**TASK STATEMENT:**
All lines from the one containing "Sam Edelman Penny" through the end of the material are to be given back exactly, without pictures.

DATA SEGMENT: Begin

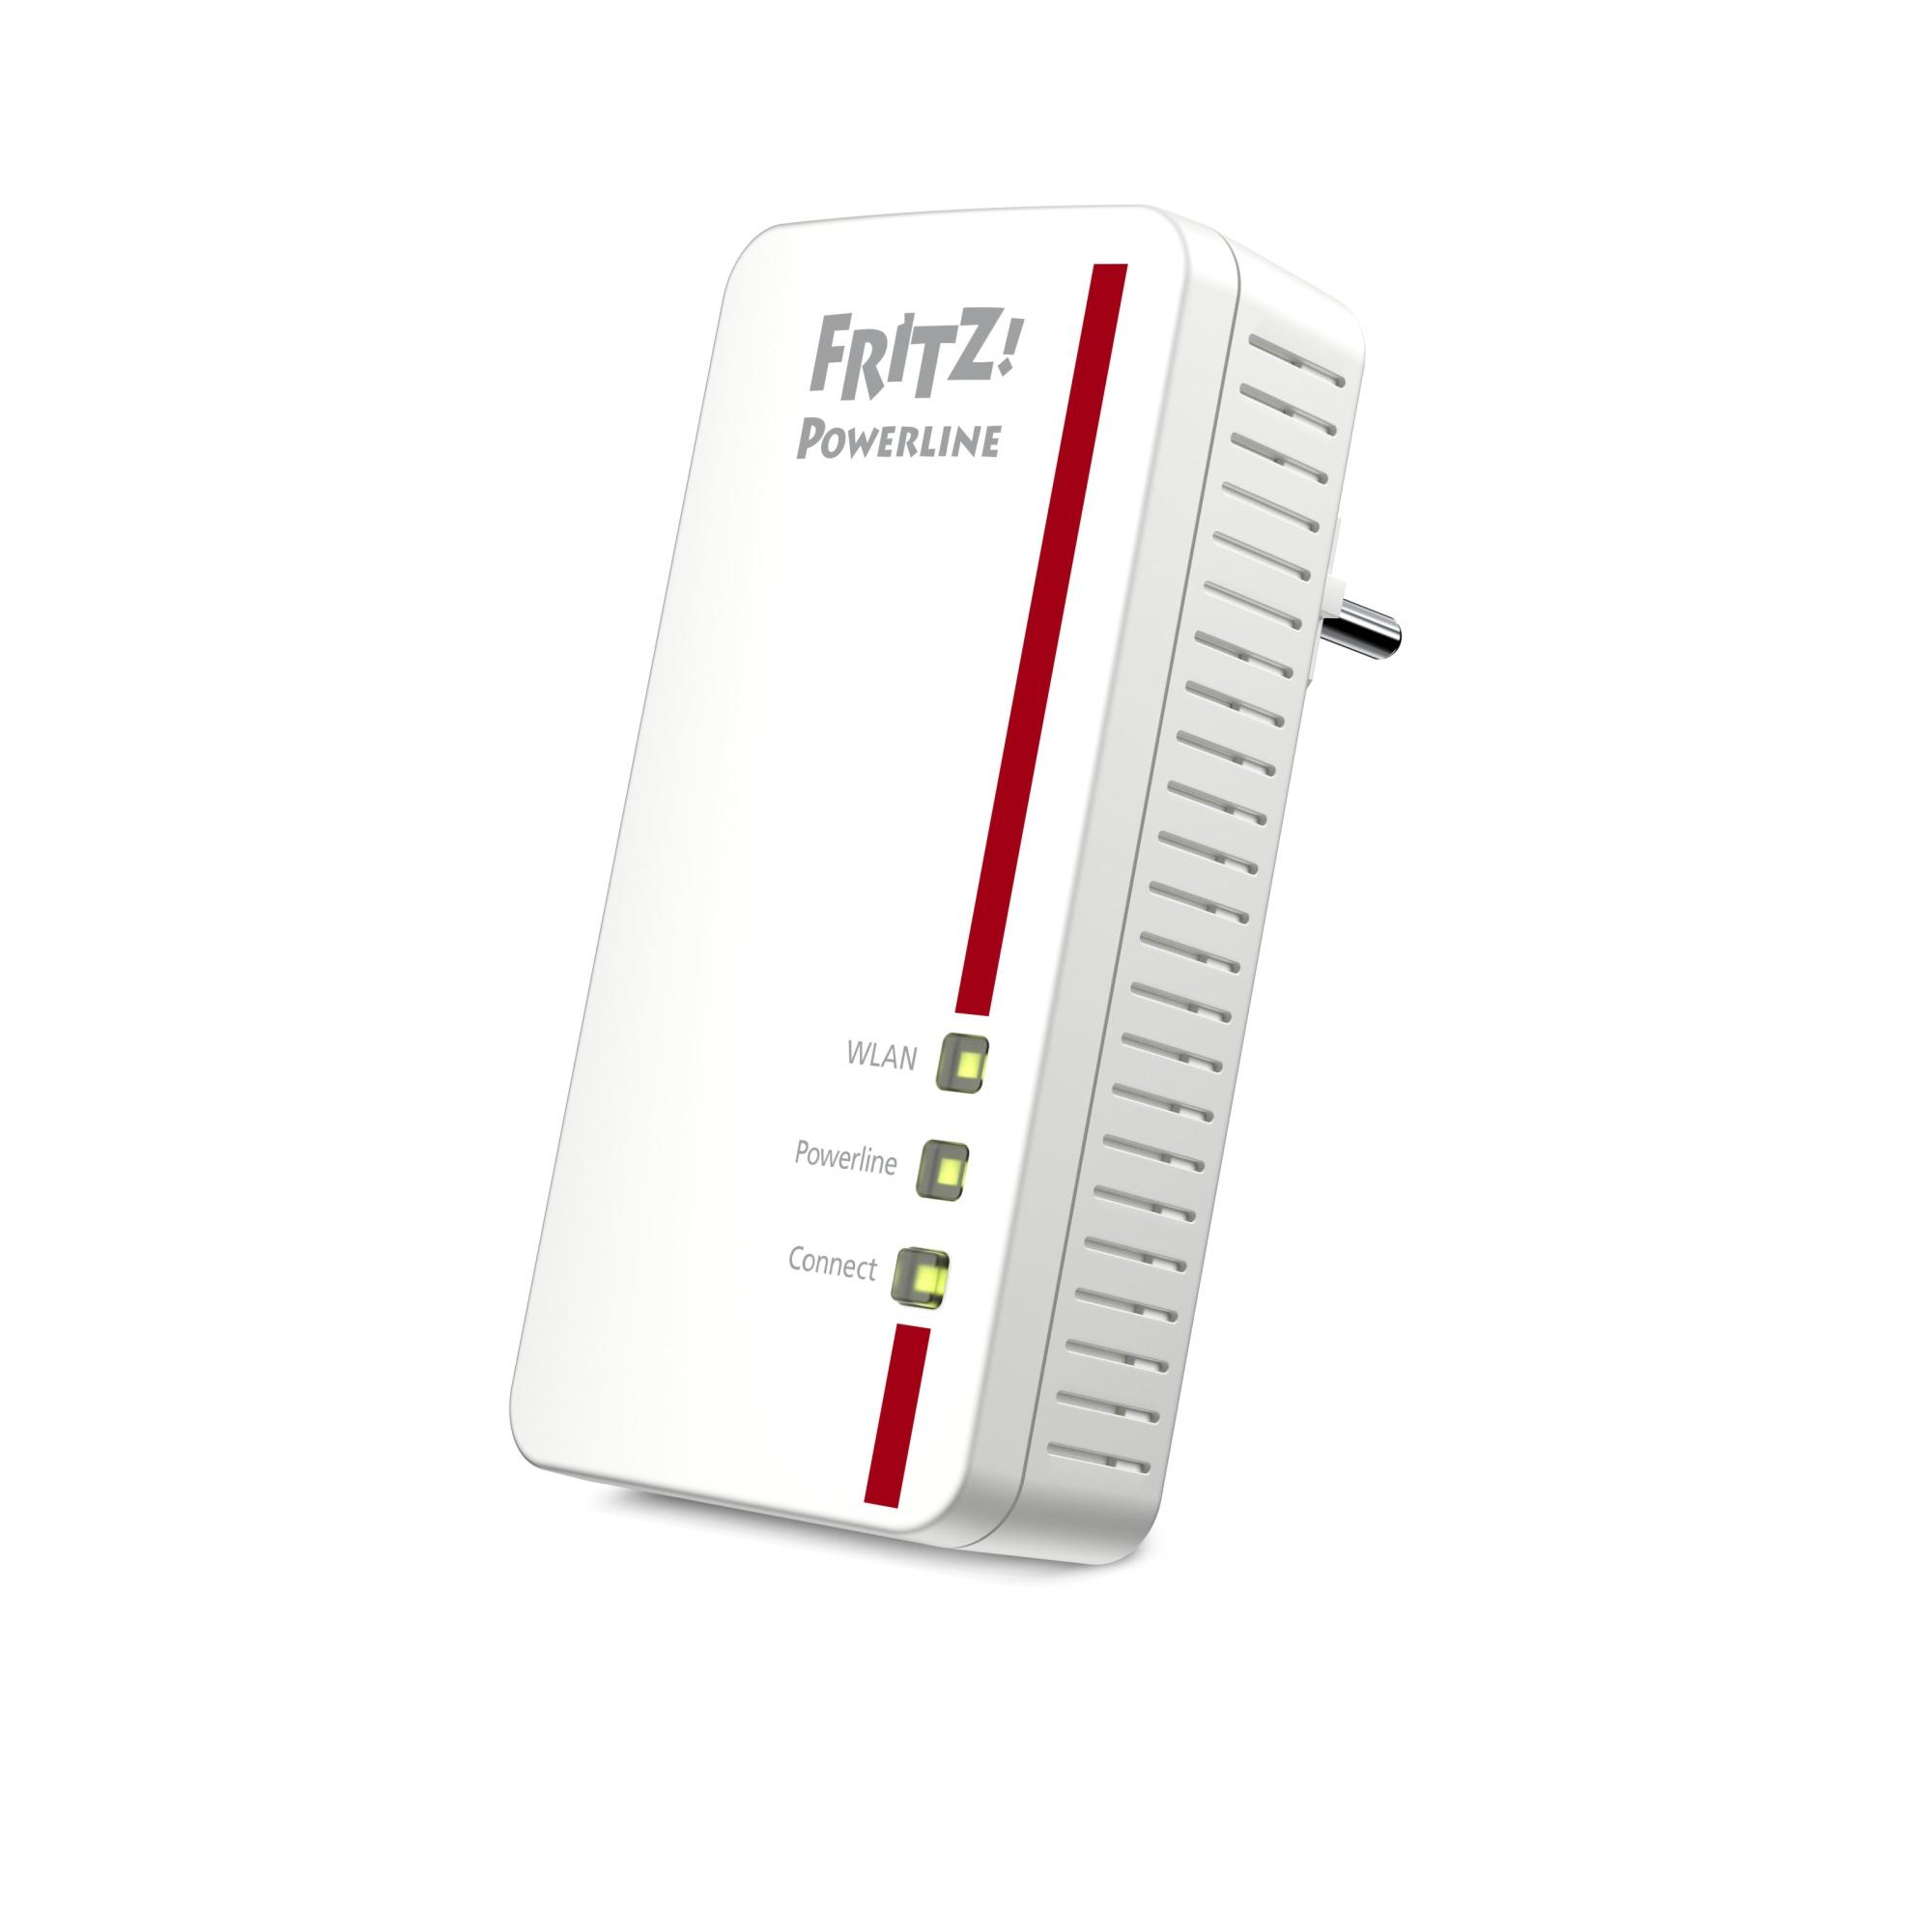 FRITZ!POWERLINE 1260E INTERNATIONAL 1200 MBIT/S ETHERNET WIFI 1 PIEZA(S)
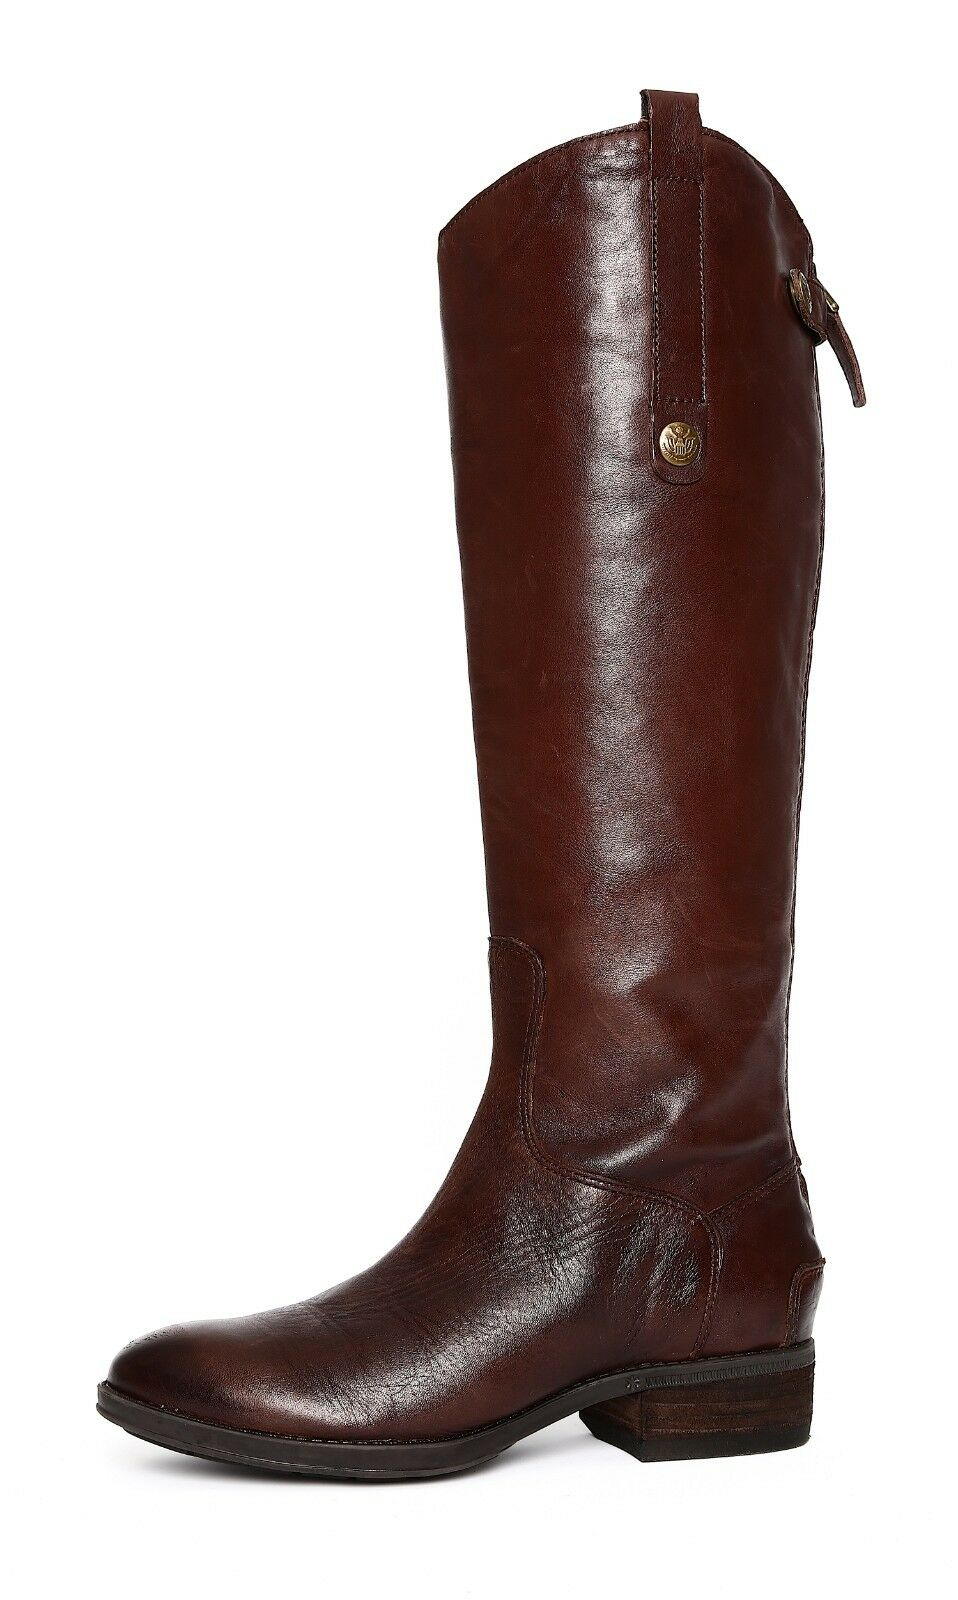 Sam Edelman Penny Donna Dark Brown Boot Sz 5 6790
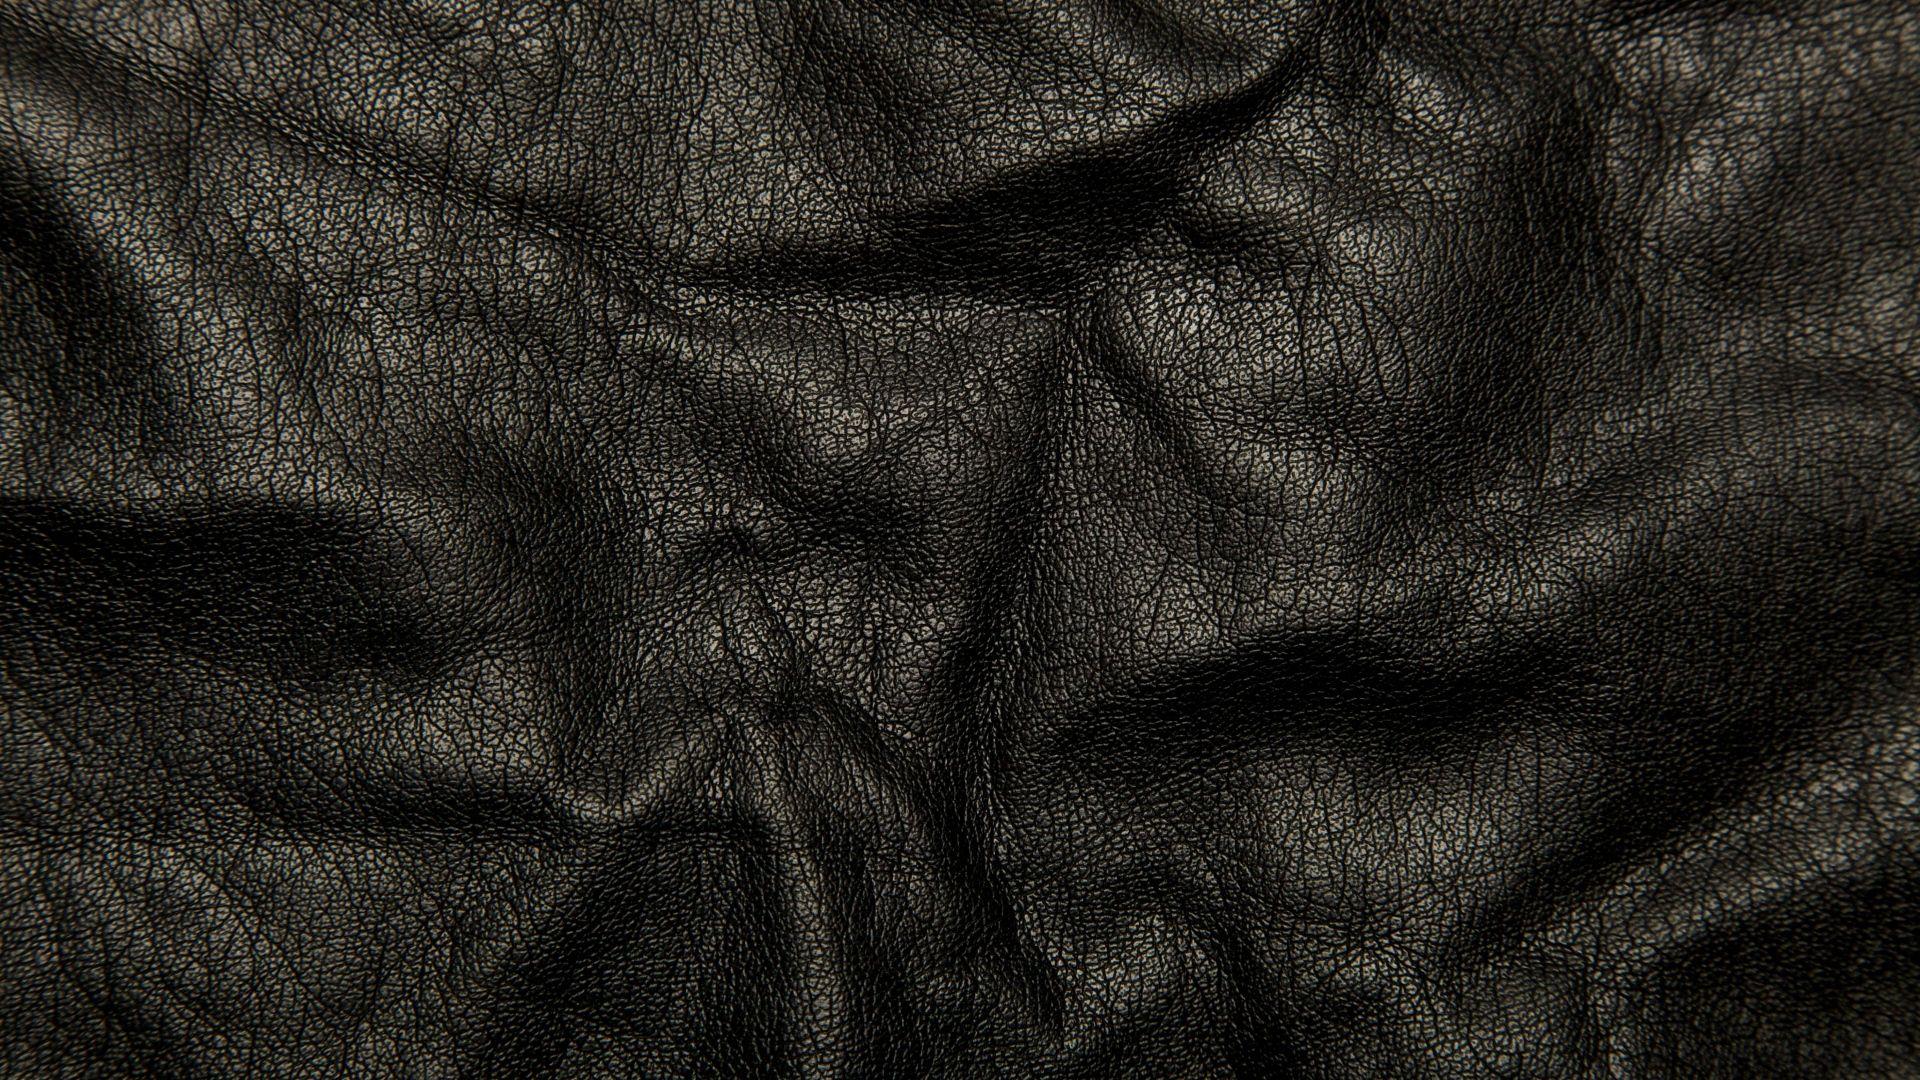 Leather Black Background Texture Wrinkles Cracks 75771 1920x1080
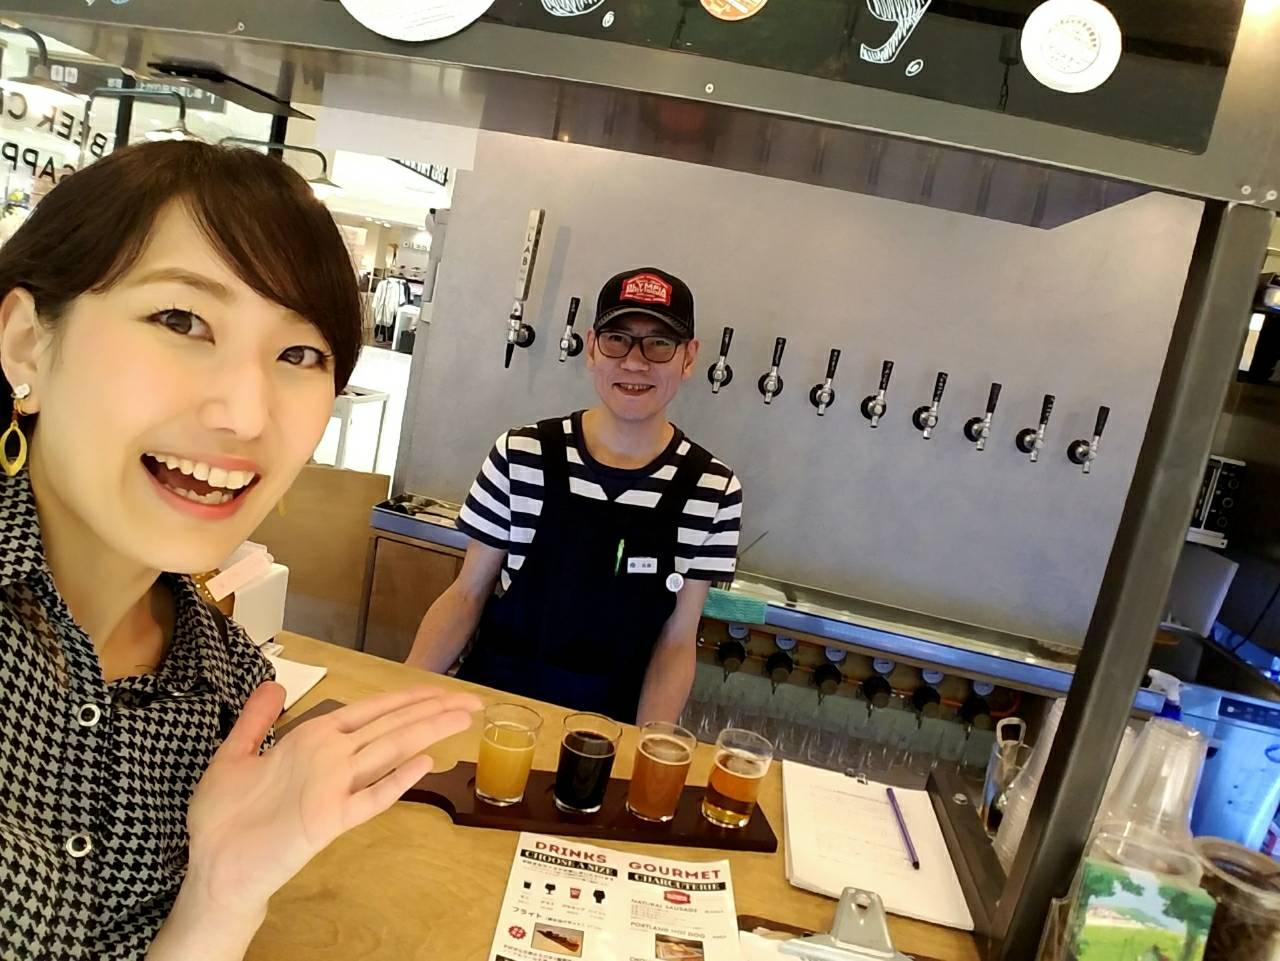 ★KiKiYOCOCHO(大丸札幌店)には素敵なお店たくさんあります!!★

DATA SEGMENT: End

**SOLUTION BELOW:**
 Sam Edelman Penny Donna Dark Brown Boot Sz 5 6790
 Leather Black Background Texture Wrinkles Cracks 75771 1920x1080
 ★KiKiYOCOCHO(大丸札幌店)には素敵なお店たくさんあります!!★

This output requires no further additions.